Try it: Your copy should match the records exactly, apart from the pictures, which stay out.

Data shown:
◆ ◆ ◆ ◆ ◆ ◆ ◆

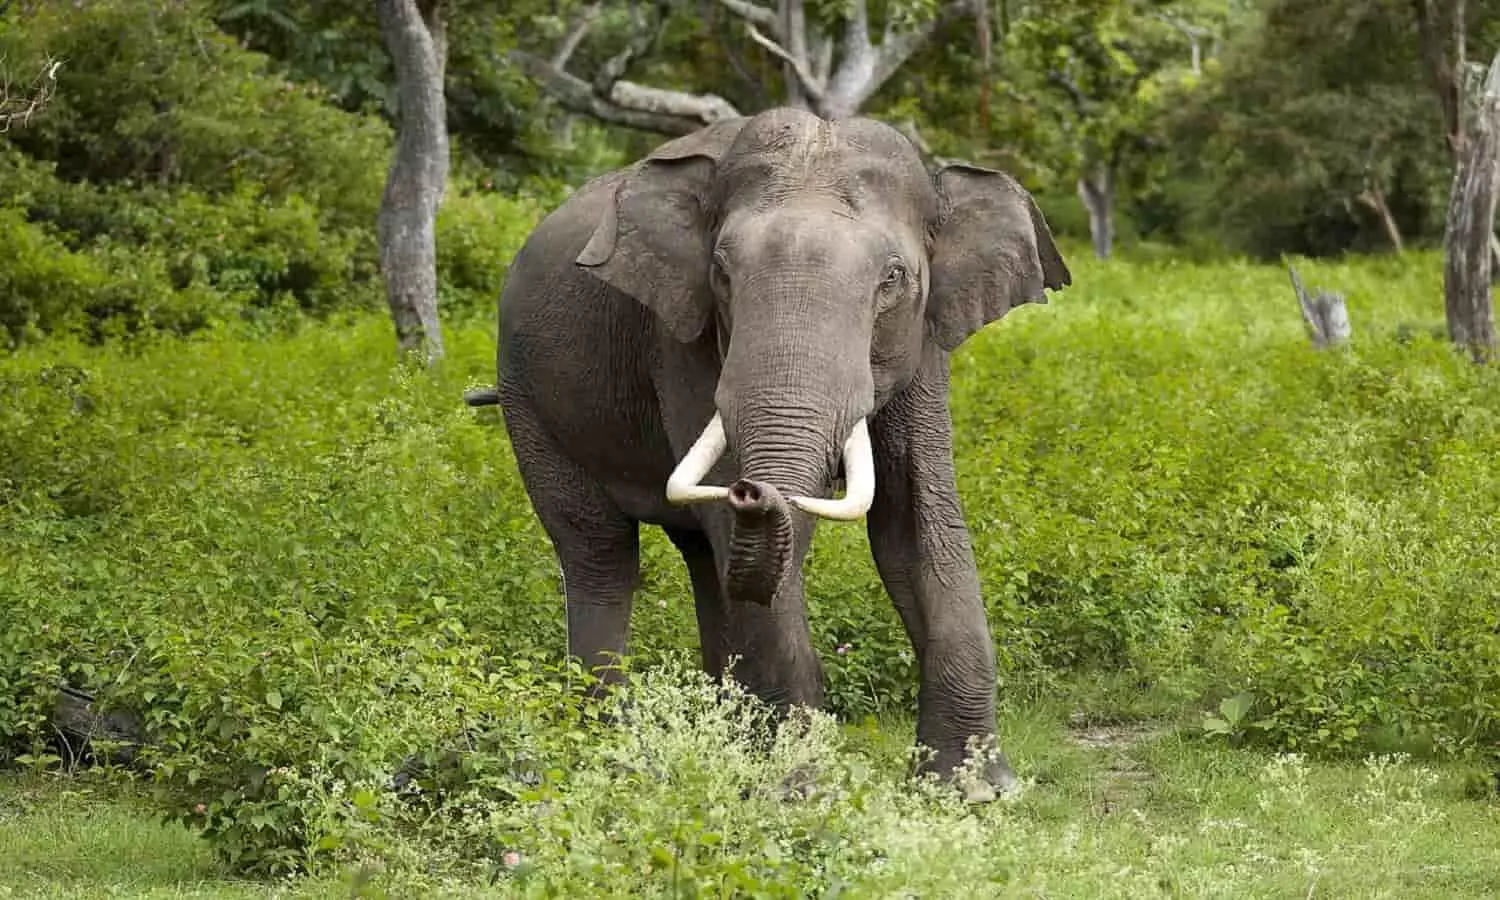 अनूपपुर: शराबी का हाथी से उलझना पड़ा महंगा, सूंड में लपेटकर दी पटखनी
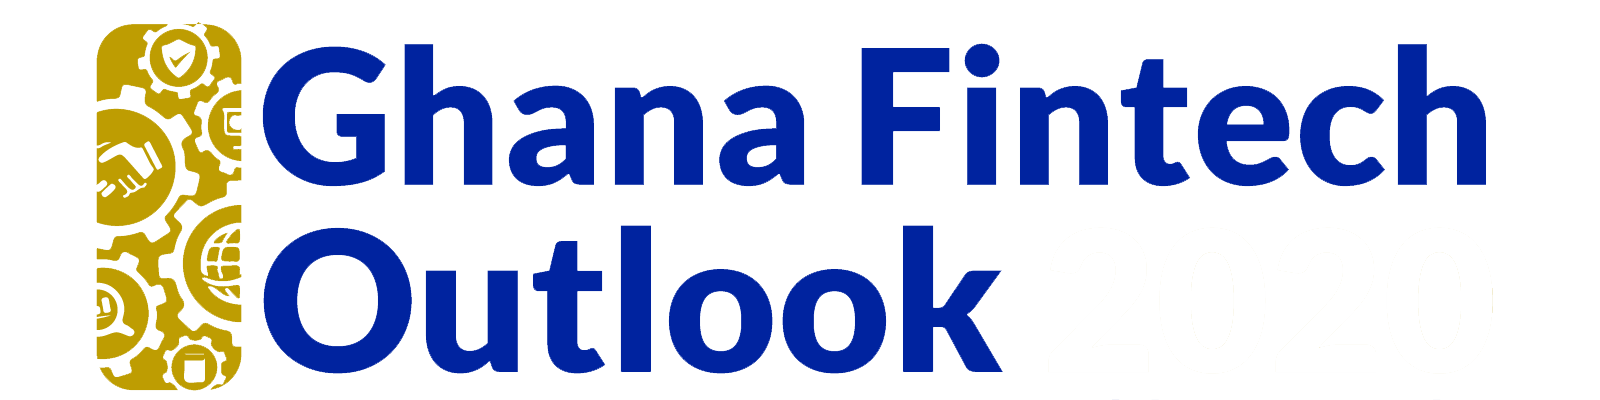 ghana fintech outlook (1)
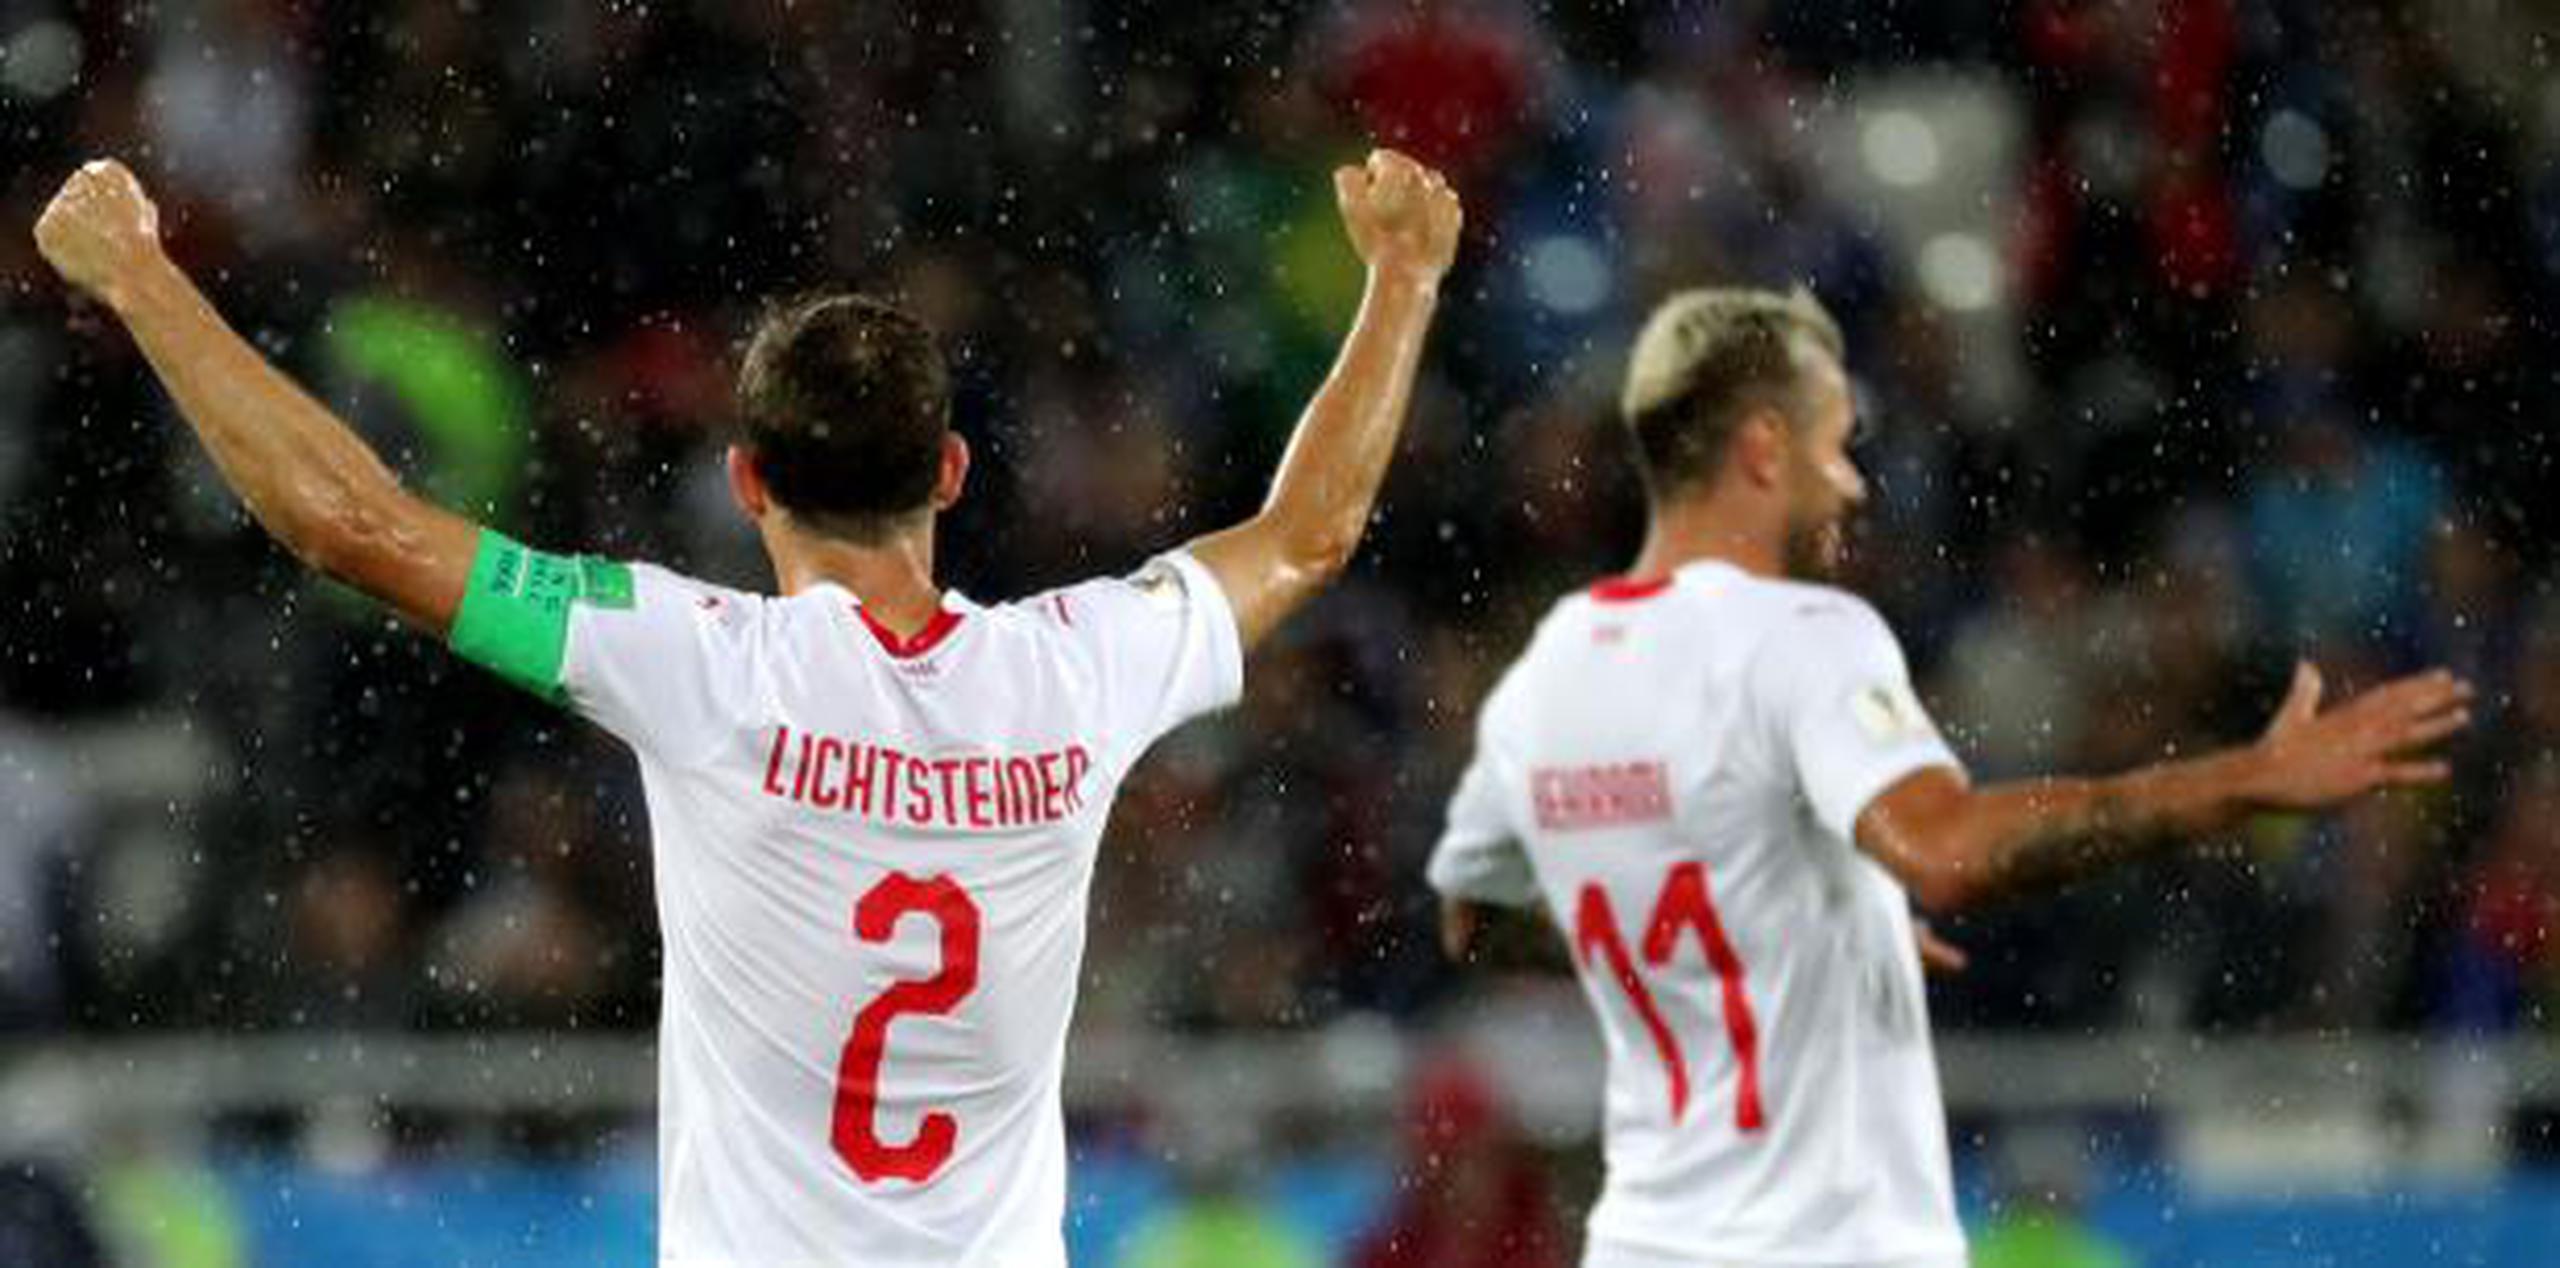 Stephan Lichtsteiner de Suiza (I) y Valon Behrami, de Suiza, reaccionan después de ganar el partido de fútbol preliminar del grupo E de la Copa Mundial de la FIFA 2018 entre Serbia y Suiza. (EFE)
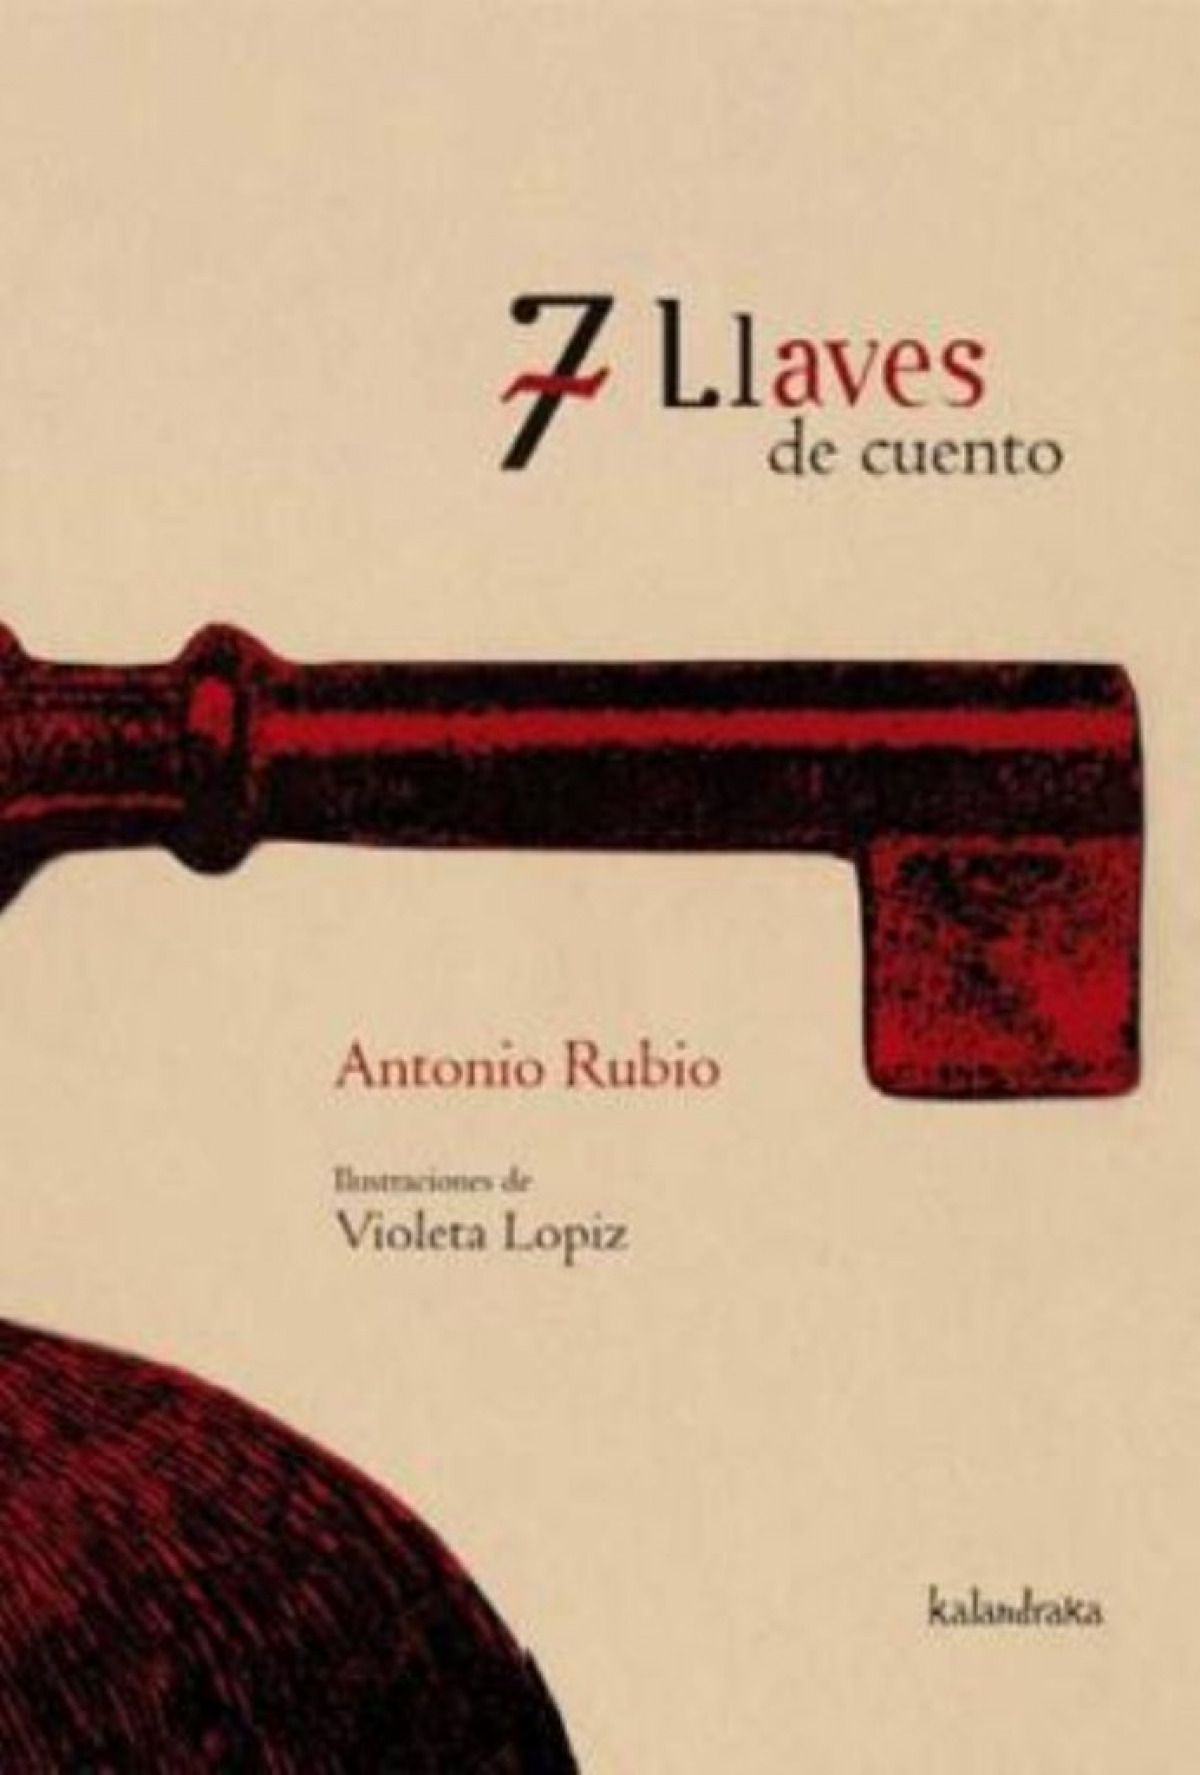 7 llaves de cuento - Rubio, Antonio / Fernández Lópiz, Violeta
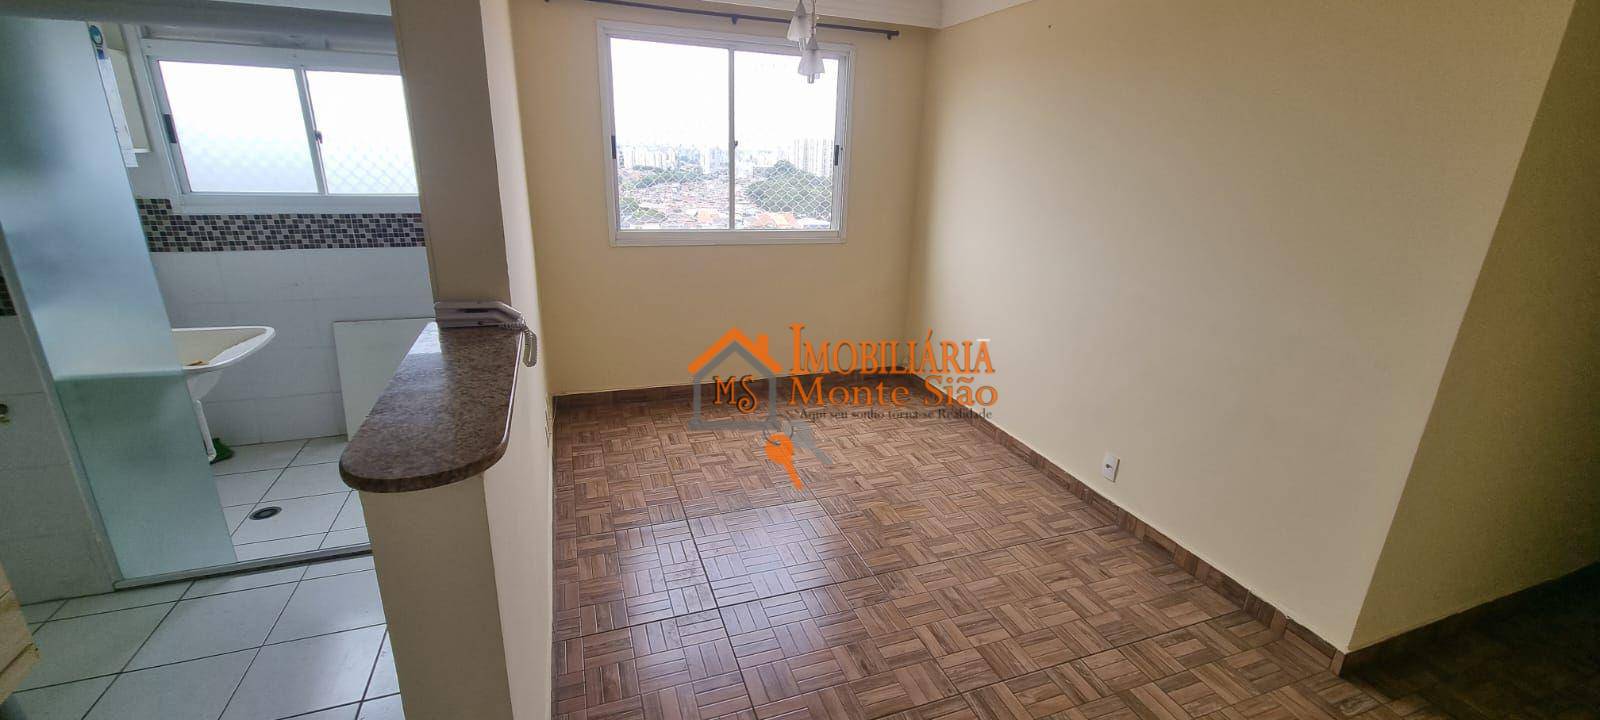 Apartamento com 2 dormitórios à venda, 44 m² por R$ 265.000,00 - Jardim Las Vegas - Guarulhos/SP

◆ ◆ ◆ ◆ ◆ ◆ ◆

Output for this exercise:
 अनूपपुर: शराबी का हाथी से उलझना पड़ा महंगा, सूंड में लपेटकर दी पटखनी
 ghana fintech outlook (1)
 Stephan Lichtsteiner de Suiza (I) y Valon Behrami, de Suiza, reaccionan después de ganar el partido de fútbol preliminar del grupo E de la Copa Mundial de la FIFA 2018 entre Serbia y Suiza. (EFE)
 7 llaves de cuento - Rubio, Antonio / Fernández Lópiz, Violeta
 Apartamento com 2 dormitórios à venda, 44 m² por R$ 265.000,00 - Jardim Las Vegas - Guarulhos/SP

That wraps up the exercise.